L'air du temps!:

Publi le jeudi 03 janvier 2008

Jeudi 03 janvier 2008
Culture : Tremblay contre Delerm

La culture, c'est quelque chose de profond qui loge au cœur du développement de l'être humain inscrit dans une histoire personnelle et générale. Quand on lit, par exemple, on reconnaît une parenté entre l'auteur et le lecteur qui se situe au-delà de l'histoire racontée. Elle s'inscrit à la croisée des mots choisis et des références connues des deux protagonistes de la narration : l'auteur et le lecteur.

Ainsi, je viens de terminer un autre livre de Michel Tremblay, les Douze coups de théâtre. C'est tellement facile de comprendre ce que décrit l'auteur que cela en devient presque hallucinant. Les doutes, les hésitations, les mots, la réalité sociale et culturelle décrite, tout me parle de moi à travers la vie de Tremblay, même lorsque celui-ci relate des expériences personnelles qui me seront à jamais inaccessibles : le goût pour l'opéra, les expériences homosexuelles, la vie familiale des années 50, etc.
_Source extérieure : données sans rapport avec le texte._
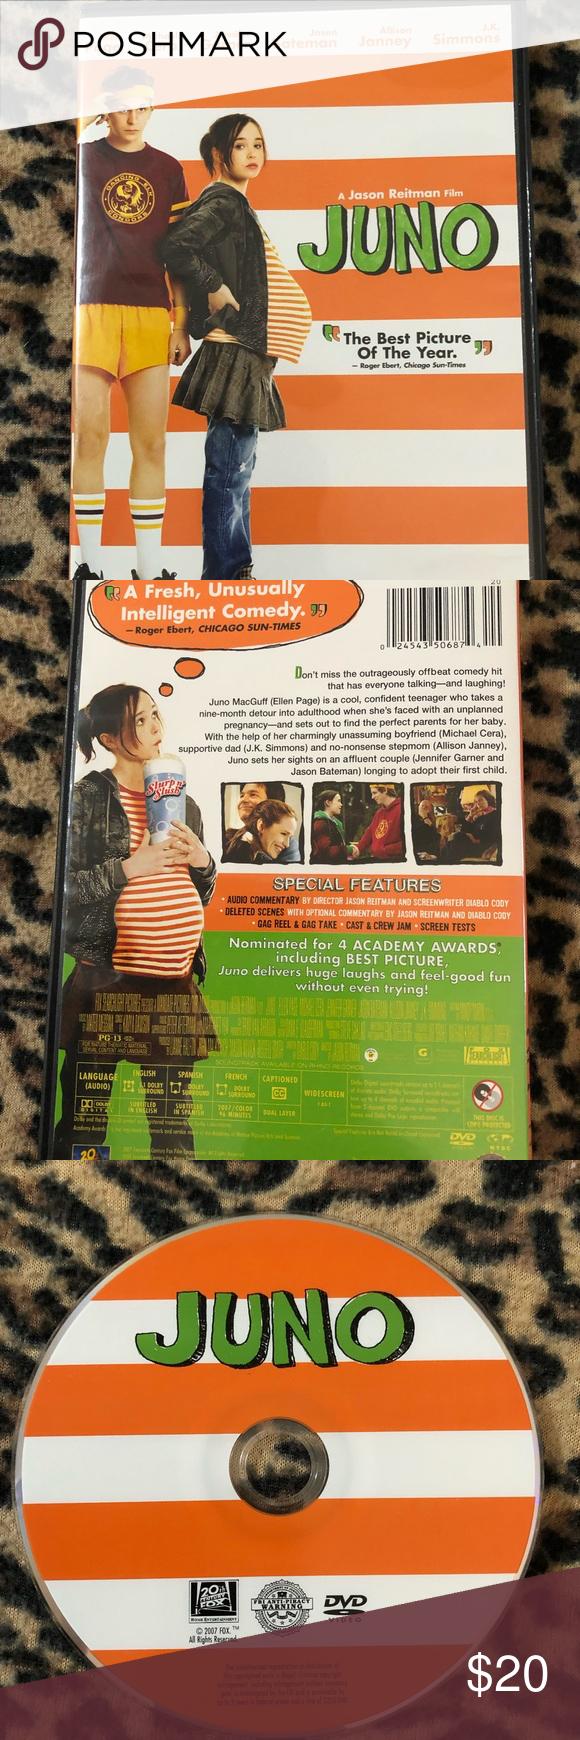 Dvd Movie Juno Rated Pg 13 Dvd Movies Dvd Movies

Par contre, lorsque je lis Delerm, La Première gorgée de bière par exemple, je ne peux m'identifier à rien de ce décrit l'auteur, même pas à des expériences banales, car les mots et la manière de présenter les choses m'échappent trop souvent. Prenez par exemple le texte intitulé Un banane-split. Rien de plus simple ou de plus commun. Pourtant, bien que la réalité décrite semble banale et facilement partageable, c'est la façon de présenter cette expérience simple qui me sépare de Delerm. Le premier paragraphe contient les mots suivants : camaïeu raffiné, l'île flottante, coupelle, luxuriance estivale, etc. Bien que je puisse comprendre certaines de ces expressions empruntées à ma culture livresque, cela ne fait pas appel à mes expériences personnelles réelles.
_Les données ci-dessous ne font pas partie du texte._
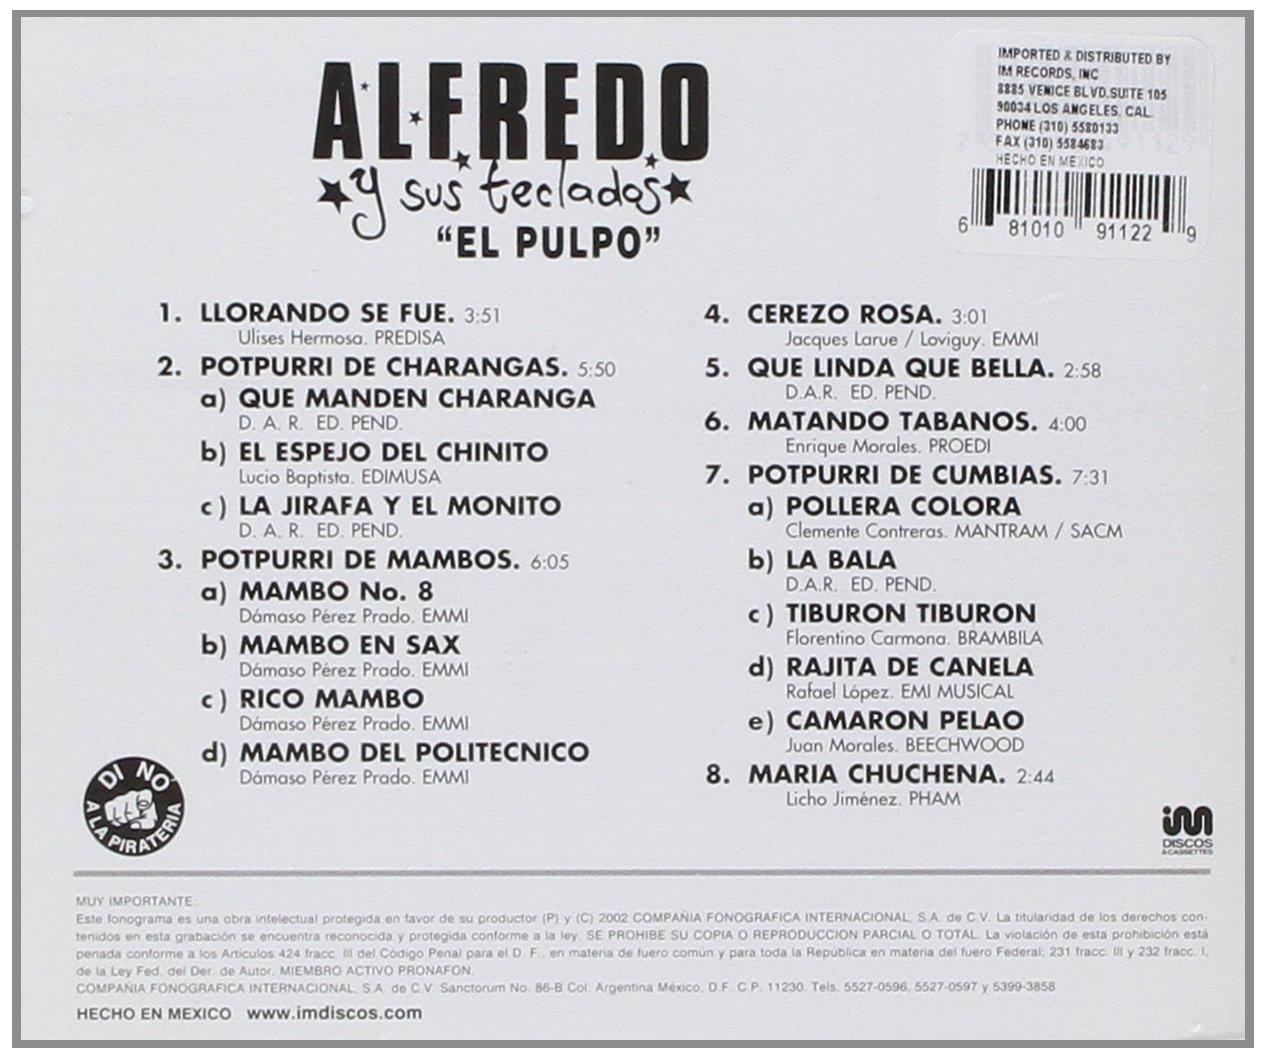 Llorando Se Fue: Alfredo El Pulpo: Amazon.es: Música

Alors que l'auteur veut partager des moments simples de la vie de tous les jours, de menus plaisirs connus de tous, les mots qu'il utilise me rendent étranger ces expériences communes. C'est inouï. Pratiquant la même langue, on ne peut pas communiquer simplement, car les expressions, les mots, les références ne sont pas les mêmes. Pire, je sens un travail, une volonté d'utiliser un vocabulaire recherché pour rendre uniques les moments simples de la vie. C'est voulu, j'en conviens. Mais cela rend la lecture plus fastidieuse.
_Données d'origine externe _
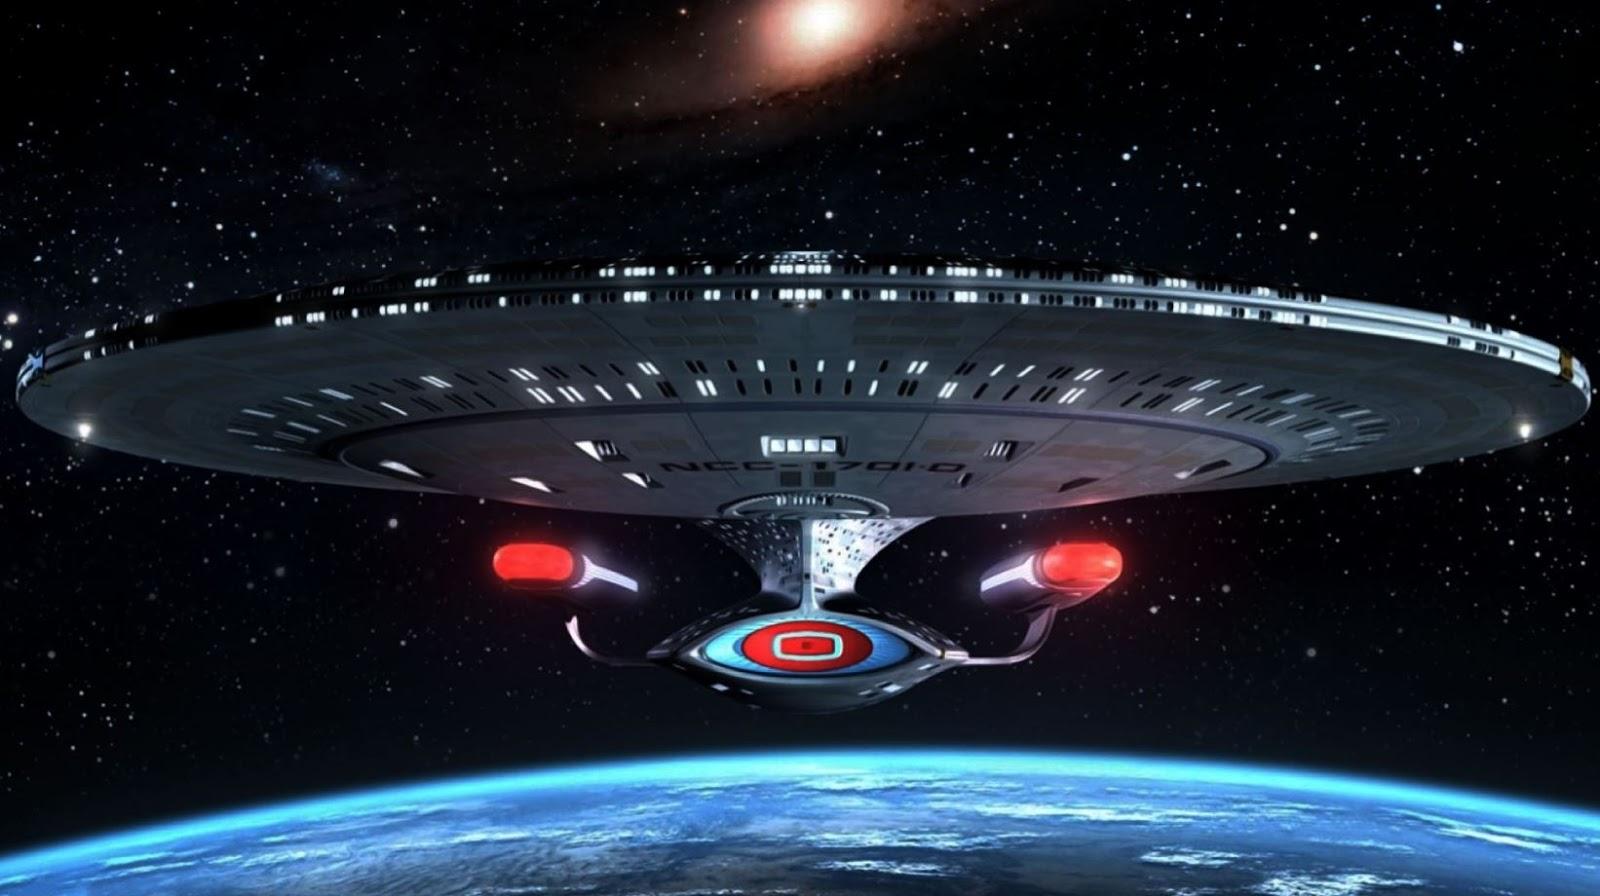 USS enterprise NCC 1701-D

Le deuxième paragraphe du texte sur le banane-split contient les mots suivants : penaud, déférente, goguenard, barquette, étique (sans le h, car ce n'est pas la même chose), puérile, cigogne (pas l'oiseau), ringarde, flageolant, etc. Et je n'énumérerai pas les mots étranges du texte suivant portant sur la visite surprise, car je ne l'ai pas terminé. La page 44 est la dernière lue dans ce recueil pourtant salué comme un des grands livres de la culture francophone.

Selon moi, il y a trop de prétention et de fausse modestie dans ces textes prétentieux de simplicité. Les expressions françaises ne m'impressionnent pas assez pour que je tombe en pâmoison devant cet écrivain français à la mode. J'aime mieux entendre son fils Vincent chanter Fanny Ardant et moi. Le rejeton est plus drôle et plus simple dans sa façon de s'exprimer, non?